Girard sues company for practices at dump


By Robert Guttersohn

rguttersohn@vindy.com

Girard

Hoping to stem a potential environmental nuisance, the city’s Department of Health filed suit in Trumbull County Common Pleas Court against Total Waste Logistics for not properly disposing of leachate at its south-side dump.

The suit, filed Wednesday, against the Canfield-based company claims the company at its now-closed dump failed “to operate and maintain its leachate- collection system and ... failed to minimize the generation of leachate.”

James Dobson, director of the Department of Health, said leachate forms when rainwater flows through the debris in the dump. Along the way, it picks up chemicals and other substances that if not removed could end up in water systems, Dobson said.

To prevent unused dumps from continually producing the runoff, companies must cap them with clay and topsoil.
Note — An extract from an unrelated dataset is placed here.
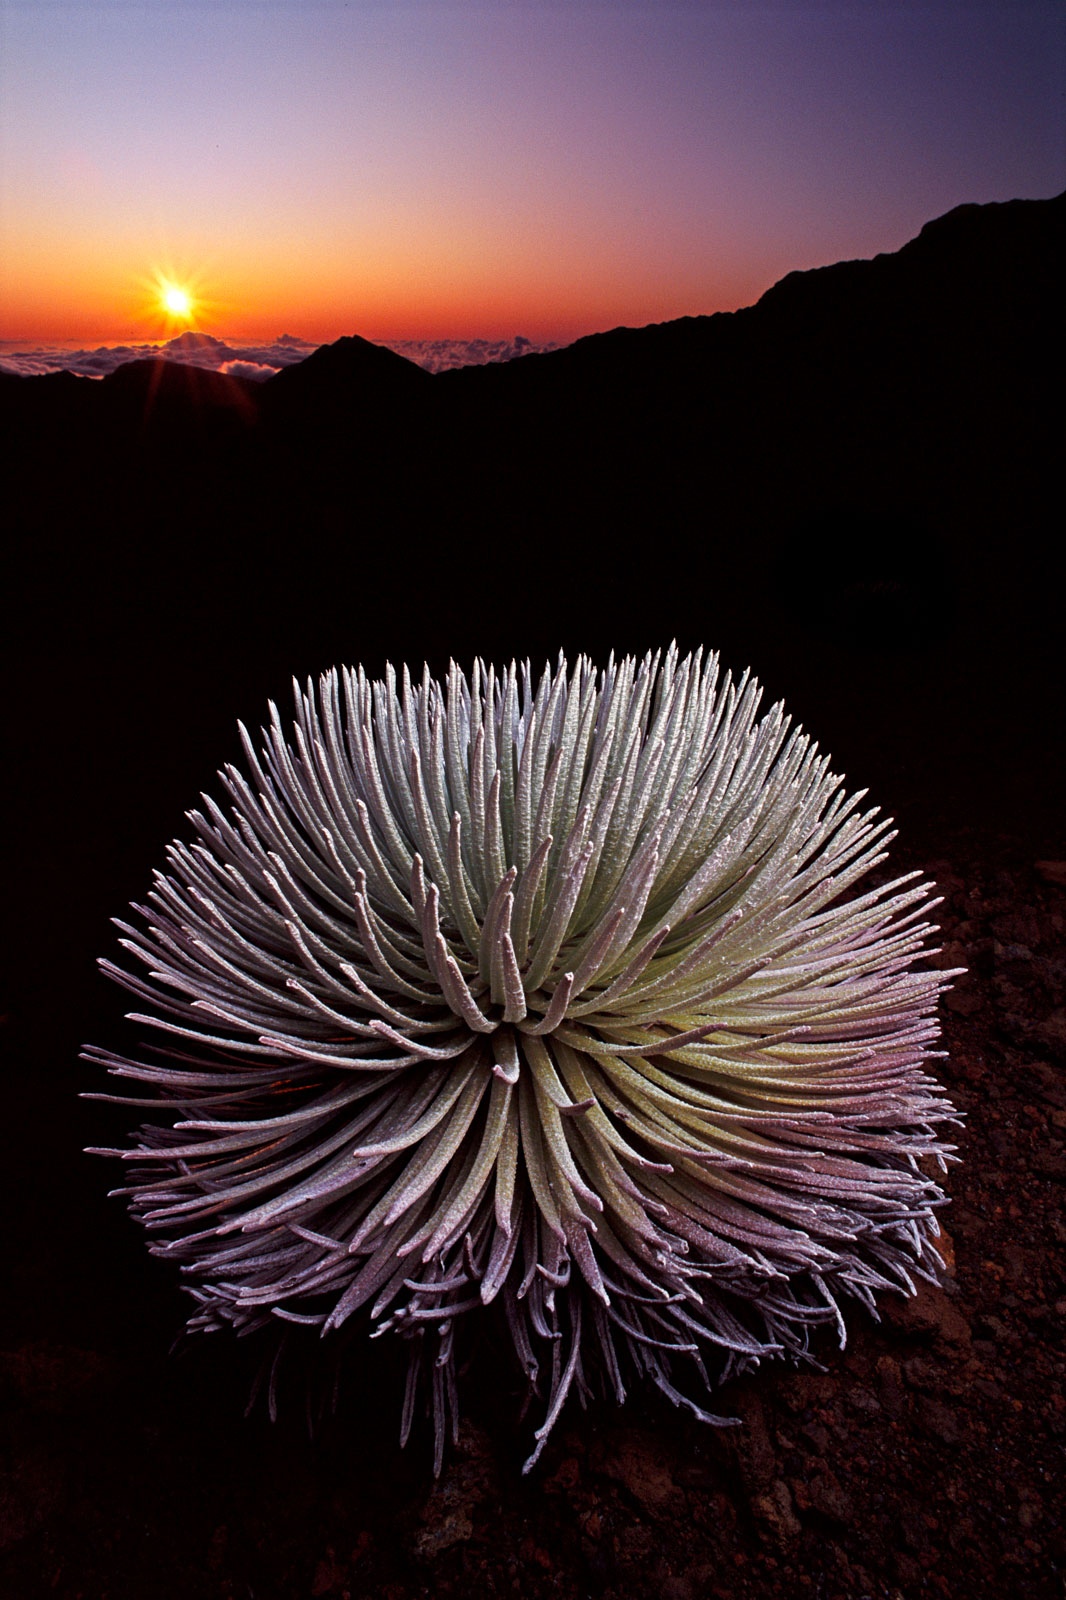 Silversword at sunset, Mauna Kea, Hawaii, USA

The dump, at 1025 Bundy Road, stopped taking in debris in September and was not capped before winter, Dobson said.

He said after that, the owners had the electricity to the dump shut off, which also turned off the pumps that collect the leachate and pump it into holding tanks.
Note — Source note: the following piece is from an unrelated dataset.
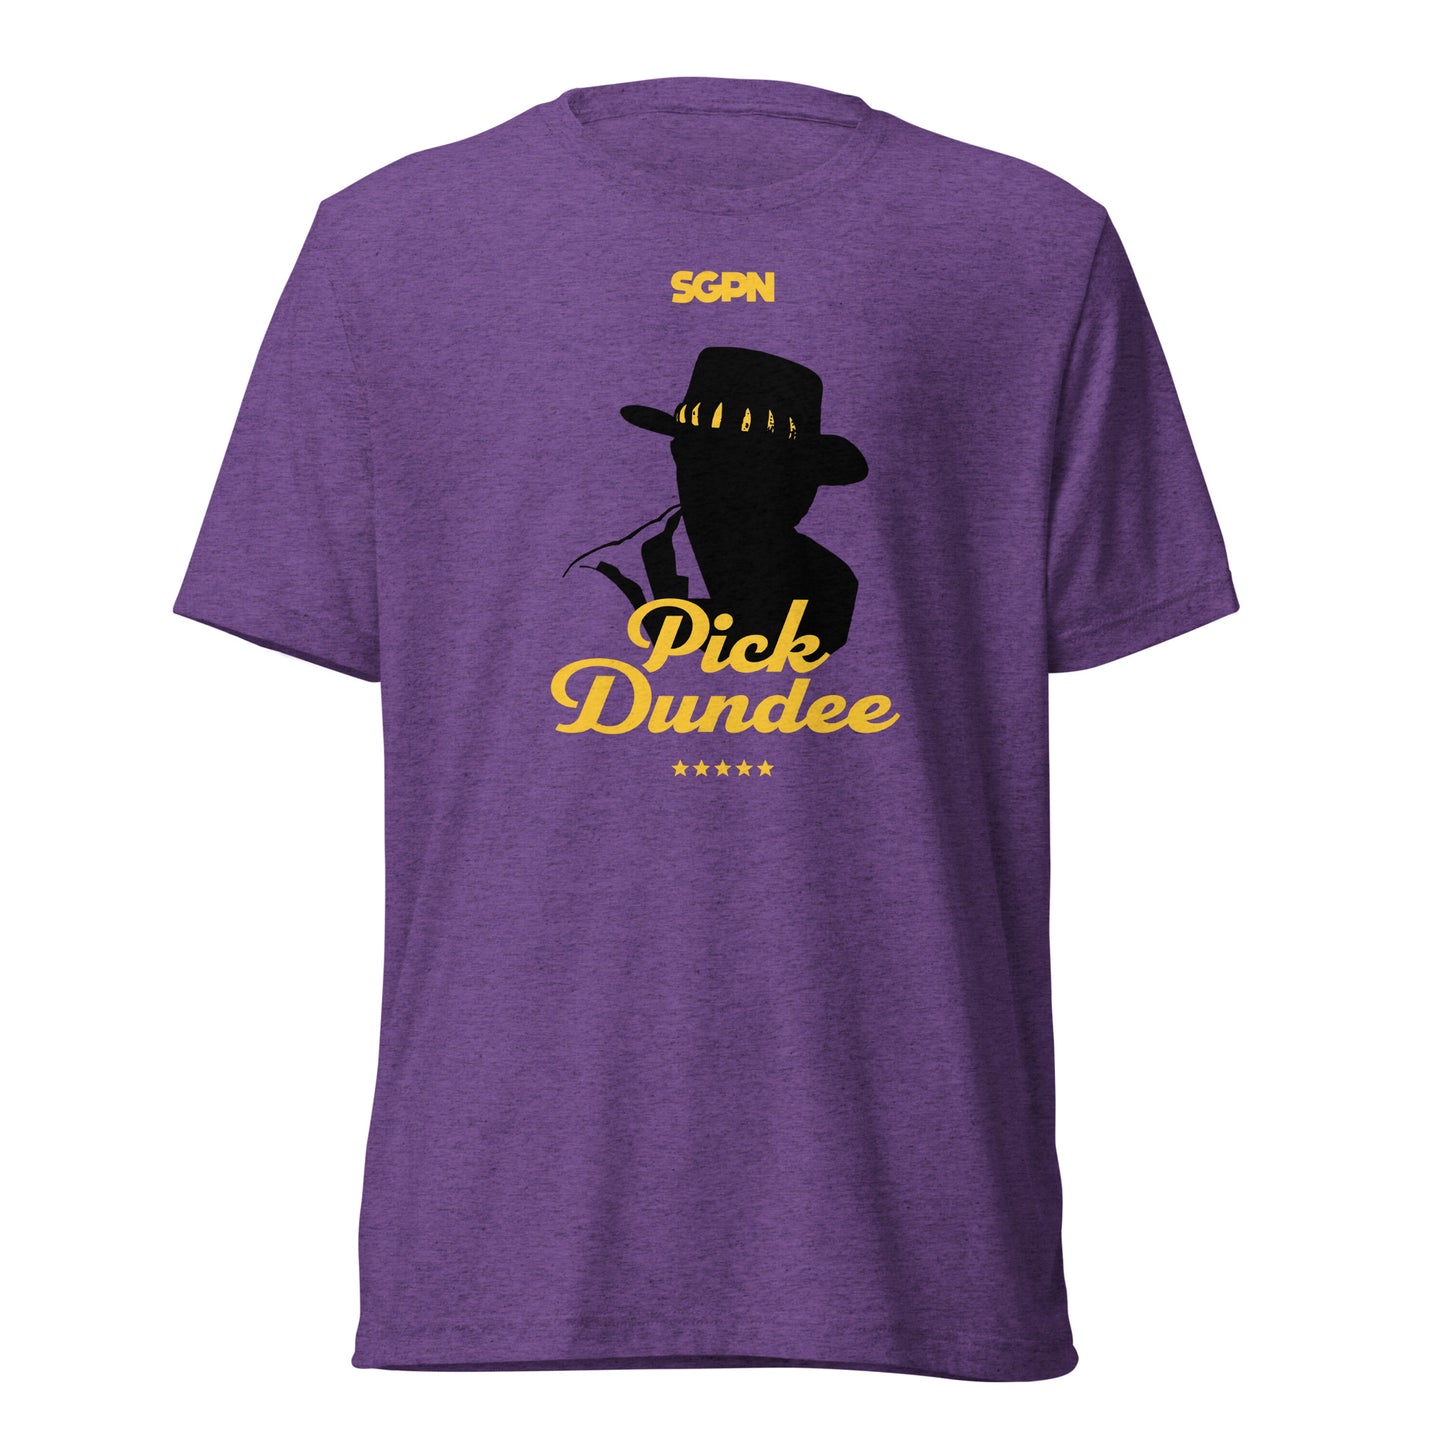 Pick Dundee - Short sleeve t-shirt  - Alt

After threatening to sue the company then, he said TWL turned on the electricity, which filled the leachate holding tanks.

He said it seemed the last time they disposed of the leachate was in December.

Meanwhile, he said, the tanks at the dump that hold the leachate before being shipped to a sewage- treatment plant are all filled.

If the court sides with the city, it could force TWL to pay up to $10,000 per day of each violation, Girard Law Director Brian Kren said.

The Vindicator was unable to reach TWL to comment Friday, but Dobson said he spoke with the owner of TWL who said he would begin shipping the leachate to the sewage-treatment plant Monday and cap the dump this summer.

“I’m not doing anything until it’s all done,” Dobson said when asked if he planned to drop the suit if TWL complied. TWL “can answer to the judge.”

The lawsuit comes after a six-year legal battle between Girard and TWL over another proposed landfill on the north side ended last summer with the waste company withdrawing its application.